May 2 — Asteroid 1992 JD: Near-Earth Flyby (0.024 AU).
May 2 — Asteroid 3200 Phaeton: Closest Approach to Earth (0.873 AU).
May 3 — Museum of Science, Boston MA: ‘Modern Space Exploration,’ a presentation by Frank Centinello, a graduate student at the Earth, Atmospheric, and Planetary Science Department at MIT who supports research for NASA’s Lunar Reconnaissance Orbiter and Dawn missions.
May 3 — Asteroid (Near-Earth Flyby): 2001 SZ269 (0.071 AU); 2012 FD1 (0.086 AU).
May 4 — Dryden Flight Research Center, Edwards AFB CA: ‘NASA Social,’ invitation for 75 social media followers to go behind-the-scenes and learn more about NASA aeronautics projects at the agency’s Dryden Flight Research Center.

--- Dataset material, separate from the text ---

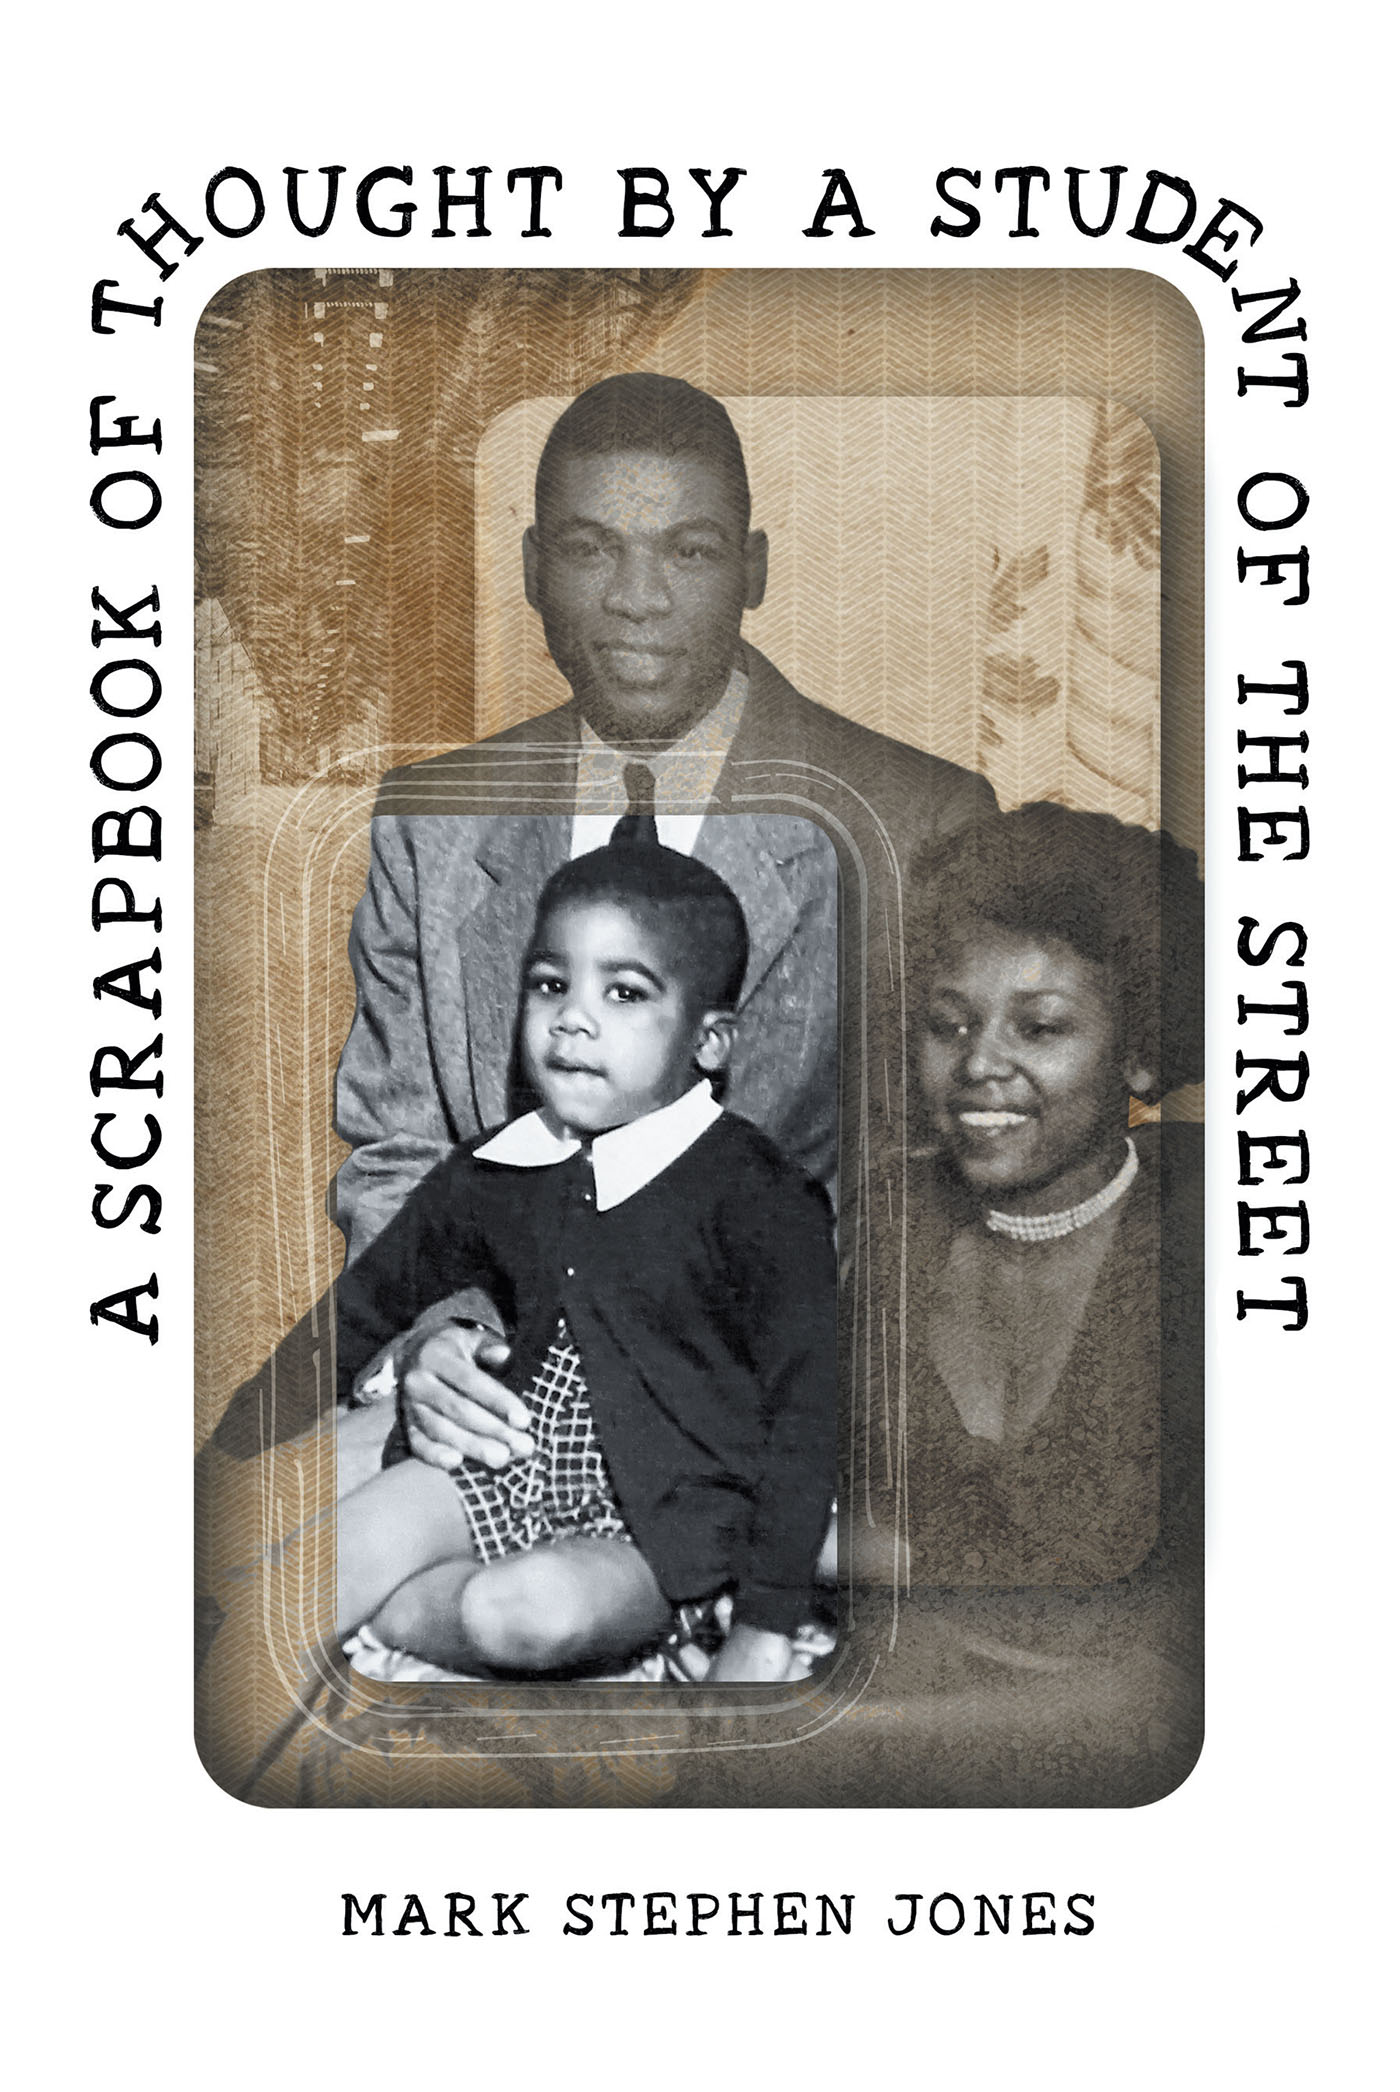 Author Mark Stephen Jones’s New Book, "A Scrapbook of Thought by a Student of the Street," is a Gripping Collection of Powerful Autobiographical Poetry

May 4 — Pima Air and Space Museum, Tucson AZ: ‘Space Day,’ participants to celebrate national Space Day, which will include NASA giveaways, astronaut ice cream, and hands on activities.

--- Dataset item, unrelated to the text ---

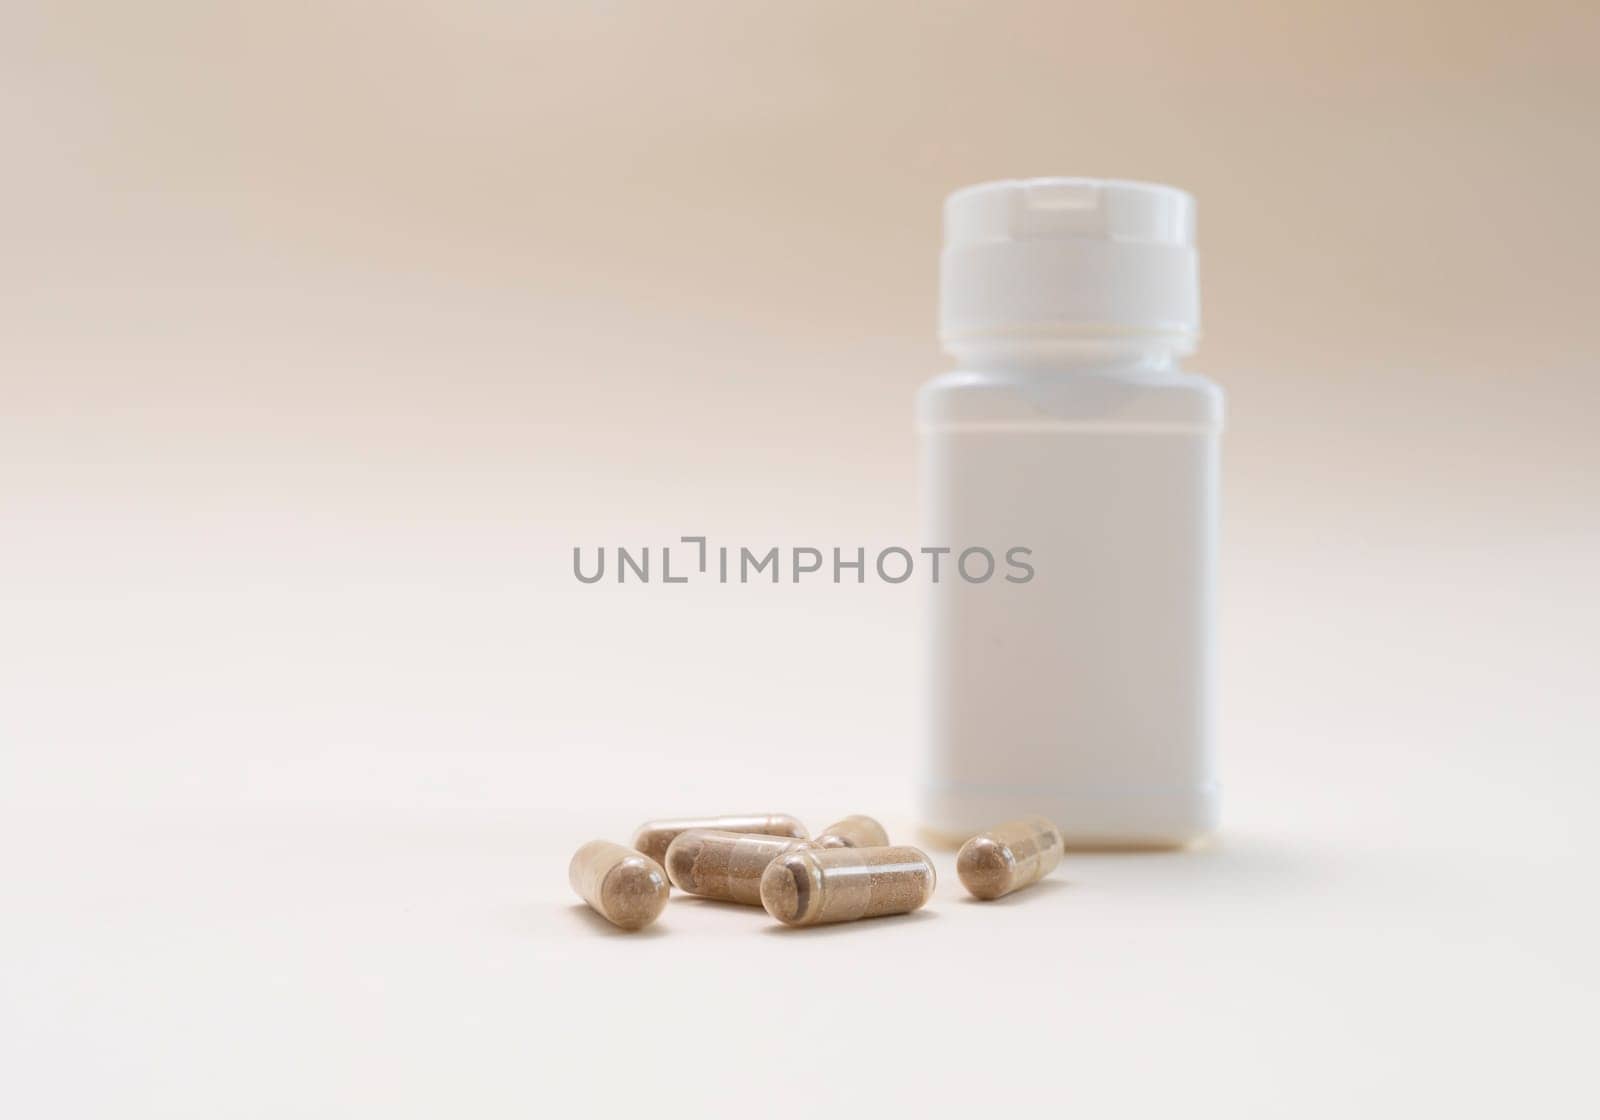 Slippery Elm Pills, Softgels and White Empty Bottle, Container on Beige Background. Mockup Pharmacy. Copy Space For Text. Horizontal Plane. Healthy Lifestyle. Probiotic. High quality photo

May 4 — Astronaut Scholarship Foundation, Cape Canaveral FL: ‘2012 Astronaut Hall of Fame Induction Gala.’
May 4 — Moon: 1.8° SSE of Spica, 09:00; 6.2° S of Saturn, 10:00.

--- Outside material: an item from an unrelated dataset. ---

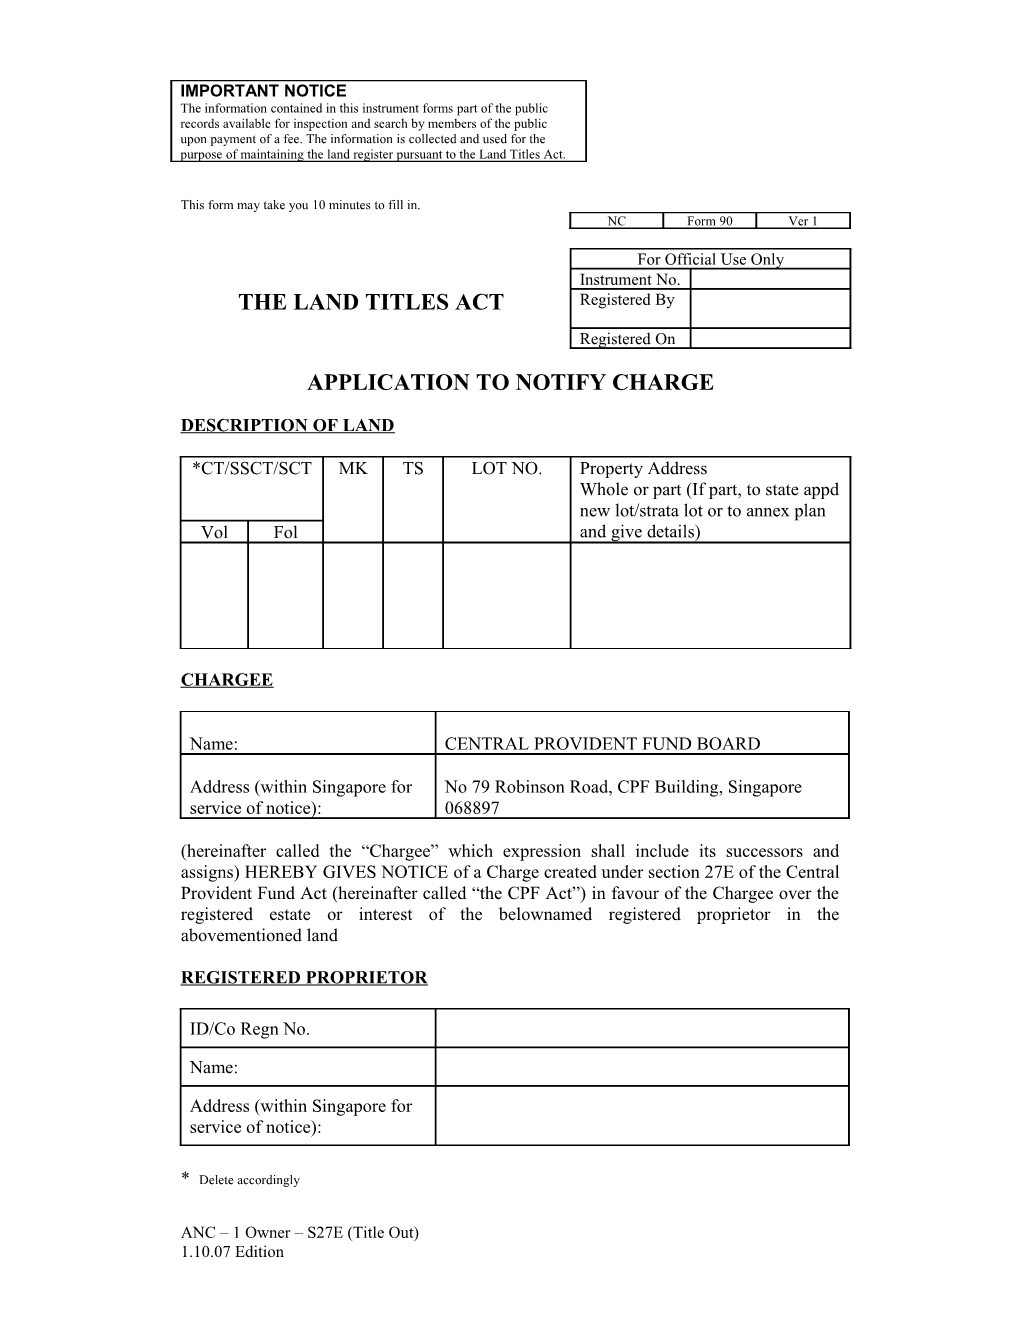 Form 90 (Title Out)

May 4 — Asteroid 2010 KX7: Near-Earth Flyby (0.039 AU).
NET May 5 — ULA, Launch Atlas 5 / AEHF 2, Cape Canaveral FL: A ULA Atlas 5 rocket will launch the 2nd Advanced Extremely High Frequency satellite which will provide high-secure communications for the US Military.
May 5 — Lockheed Martin, Washington DC; Chantilly VA: ‘Space Day Family Day: Welcome Discovery,’ participants will enjoy exciting presentations and activities that focus on the history and achievements of the 30-year Space Shuttle program.
May 5 — Eta Aquarids Meteor Shower Peak: The 1st of 2 showers that occur each year as a result of Earth passing through dust released by Halley’s Comet, the Eta Aquarid meteors appear to radiate from Constellation Aquarius and are likely to see about 10 meteors every hour, while Southern Hemisphere observers will see about 30 per hour.
May 5 — Moon: At Perigee (Distance: 356,953 km), 19:00; Full Moon, 17:35.
May 6-10 — American Astronomical Society – Division of Dynamical Astronomy (AAS – DDA), Mt. Hood OR: ‘43rd Annual Meeting of the AAS – DDA.’
May 6 — Cassini OTM-320, Saturn Orbit: Spacecraft conducts Orbital Trim Maneuver #320 today.